Здесь задыхающийся от кашля Моисей нашел пещеру в отвесном склоне, ее выступавший вперед каменный навес мог защитить его от падающих обломков и жидкой лавы; в этой пещере он расположился, чтобы после краткого отдыха приступить к работе, возложенной на него Господом, которая в этих тяжких условиях (испарения металлов тяжело давили ему грудь и даже воде сообщали какой-то серный привкус) не могла занять менее сорока дней и сорока ночей.
Но почему так много? Пустой вопрос! Глаголы, вечные и краткие, непререкаемо связующий нравственный закон Бога должно было утвердить и запечатлеть в камне божией горы, дабы Моисей мог принести его в стан у подножья, где ждал подлый сброд, ненадежная, легкомысленная толпа — кровь его убитого отца, и воздвигнуть среди них на веки веков этот отстой человеческого благоприличия, нерушимый, запечатленный не только в камне, но и в их душах, в их плоти и крови. Из глубины его собственной груди Бог громко приказал ему вырубить из склона горы две доски и начертать на них непреклонное господне повеление — пять речений на одной и пять на другой доске, всего десять речений. Вырубить и выровнять доски, сделать их хоть сколько-нибудь достойными носителями глаголов вечных и кратких было делом немалым: для одного человека, пусть даже вскормленного молоком дочери каменотеса и наделенного могучими запястьями, то была работа, чреватая многими неудачами и бесплодными попытками, которая сама по себе потребовала десяти дней из сорока. Но установление письменности[25] было такой задачей, которая легко могла бы увести далеко за сорок число дней, проведенных Моисеем на горе господней.

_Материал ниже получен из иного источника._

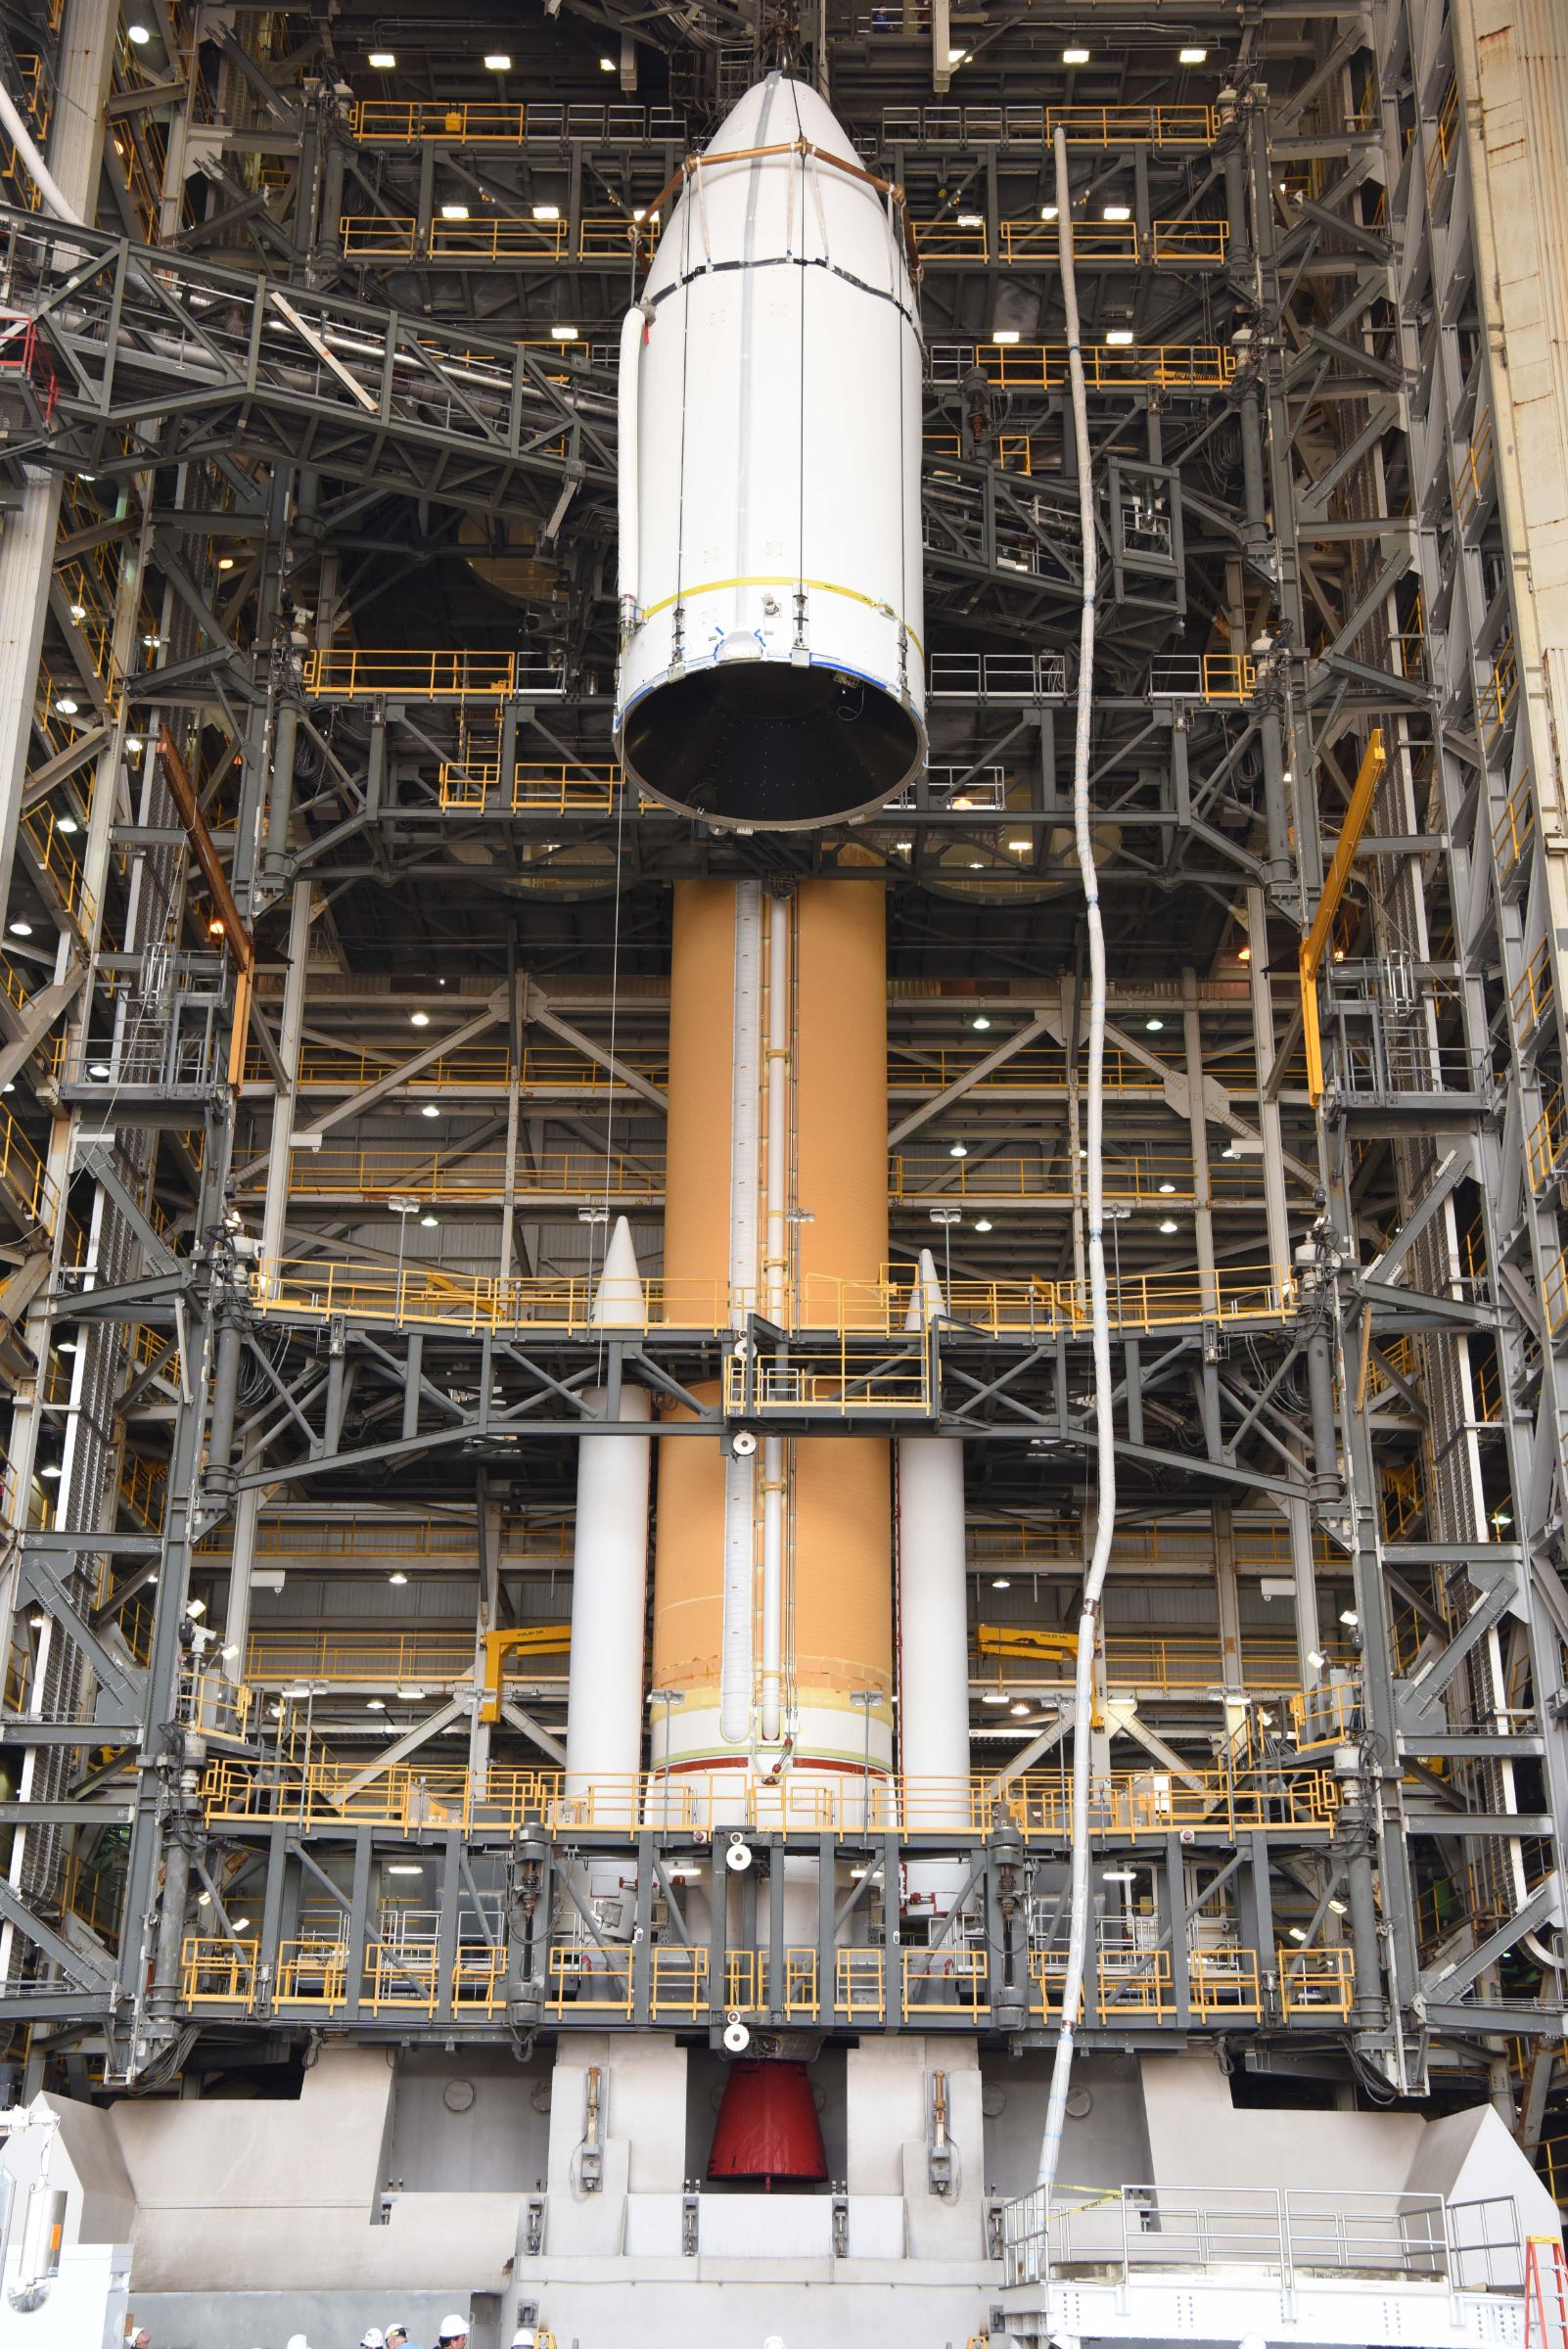 Photos Classified NRO Satellite Installed atop Delta IV Rocket NROL47 Spaceflight101

В самом деле, как должно было ему писать? В фиванском училище он постиг нарядные письмена-изображения египтян и их упрощенную скоропись, и священную толчею треугольных клиньев с Евфрата, с помощью которых владыки мира обменивались своими мыслями, занесенными на глиняные черепки. У мидеанитов он узнал еще одно, третье волшебство обозначений: смысл передавали глазки, крестики, жуки, полукружья и всевозможные волнистые линии; эти начертания, имевшие хождение в Синае, по-пустынному коряво воспроизводили египетские картины, но обозначали они не целые слова и понятия, а лишь части их, слоги, которые приходилось собирать воедино. Ни один из этих трех способов утверждения мысли не годился ему — уже по той простой причине, что каждый был привязан к языку, понятия которого он выражал, а Моисею было совершенно ясно, что ни в коем случае нельзя предать камню десятиглагольное повеление на языке вавилонян или египтян или на жаргоне синайских бедуинов. Лишь на языке отцовской крови можно и должно было сделать это, на том наречии, на котором они говорили и которым он сам нравственно преображал их, — не важно, смогут ли они прочитать повеление божие или нет. Впрочем, конечно же нет: ведь неизвестно еще, как это написать, и не существует никакого волшебства обозначений для их речи.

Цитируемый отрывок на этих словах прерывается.